How they’ve succeeded. Since graduating, Wok’s work has been shown twice in the Design Museum and appeared in two British Council exhibits–a third is scheduled in September for the ExperimentaDesign biennial in Lisbon. Droog is producing Blow, and the British company Good Acres is making Sprinkle. Ron Arad, chair of RCA’s design products department, has asked Cross and Mathias to participate in a forthcoming gallery show in Munster, Germany, that features the work of his best former students. And yet the trio remains studioless. They work in their flats since they can’t afford a joint space, and they prowl through London’s flea markets looking for raw materials.

Their most recent project, a series of bookshelves for Experimenta, is inspired by tree branches they picked up during last fall’s monsoon season while conducting design workshops in Sri Lanka sponsored by the British Council. They were struck by the sight of limbs tearing through houses or seeming to grow out of water. Named Lunuganga after the village, the shelves have a poetic form indebted to another RCA teacher, Tord Boontje, whose work teems with floral and animal motifs. But Wok pushes the organic theme into its own provocative territory.
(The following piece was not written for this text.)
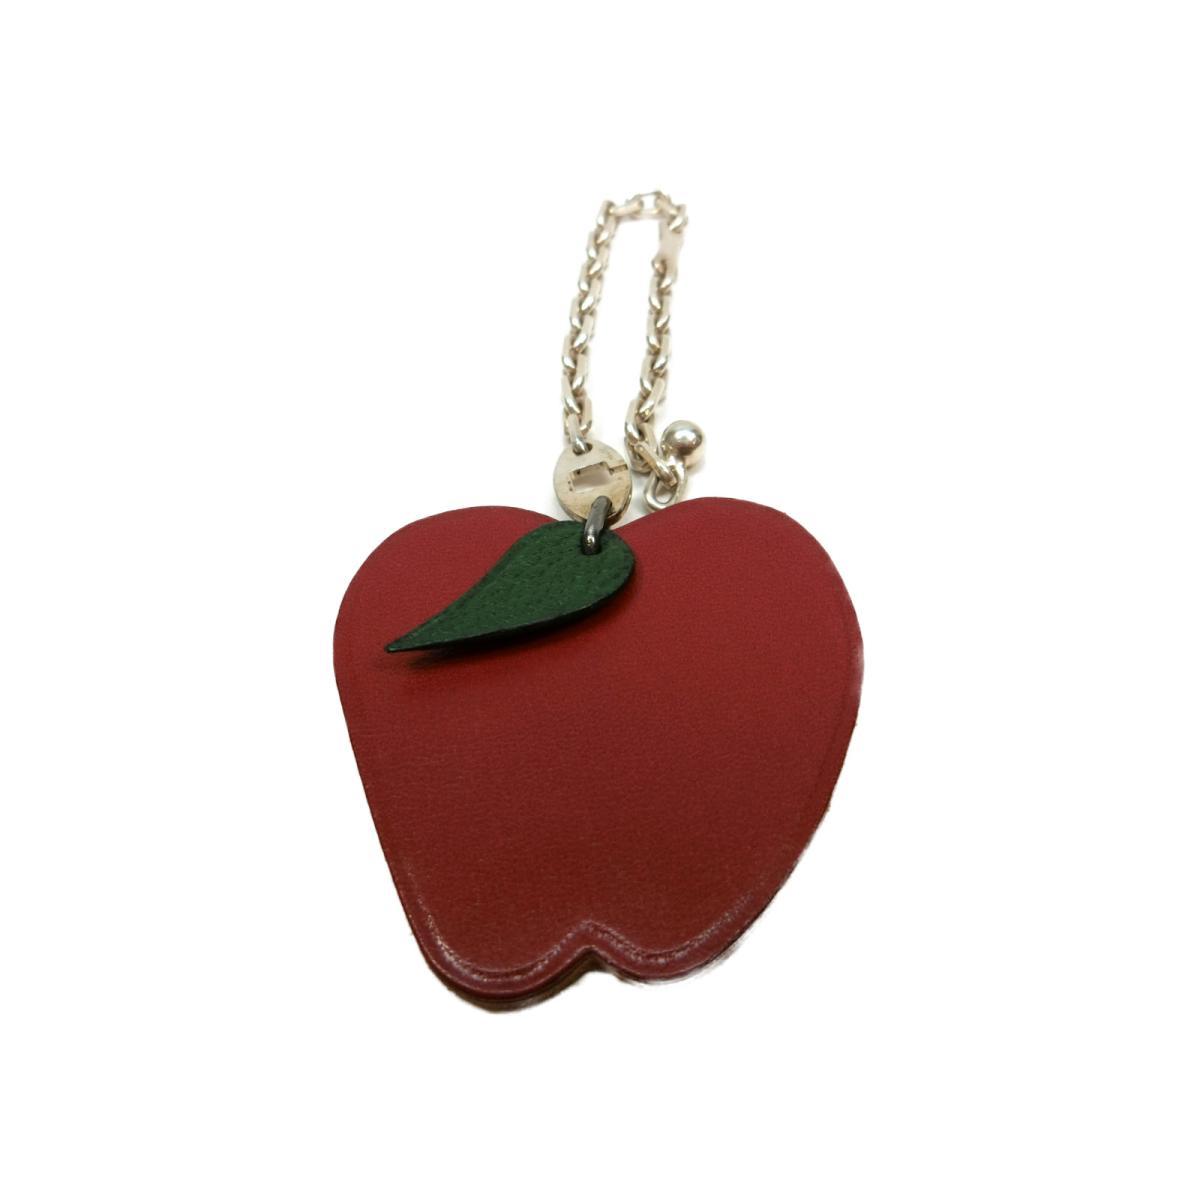 リンゴモチーフ キーホルダー/りんご 林檎 キーホルダー

The shelves are being hand-cast in metal at great expense, and Mathias laughs as she imagines them in lavish homes, with their illusion of piercing and breaking down walls.

In another project merging nature and domestic culture, they recently designed a toilet for Ideal Standard, the European branch of American Standard. At a client meeting, the designers spotted a tiny model of a toilet with visible pipe work and imagined what would happen if the pipes were tied into a knot. A prototype followed with a knot shape bulging in the ceramic base. “That way it’s shocking,” Mathias says. She wants people to wonder what happens to the waste. “Does it go all the way around in the knot?”

Children might ask such a question before moving on from anal preoccupations to, say, pyromania, and Wok Media would be marching right along with them. The partners’ current obsession is fire–they’re thinking of new ways to design chimneys–and just as they revel in the paradoxes of nonthreatening risks and sloppy hygiene, they are investigating the contradictory nature of combustion. Says Mathias: “Kids just like to burn everything, and adults see fires in their homes as comforting and warm.” Well, at least the bugs are safe. For now.


Jennifer Kabat is a writer based in London, England, and upstate New York.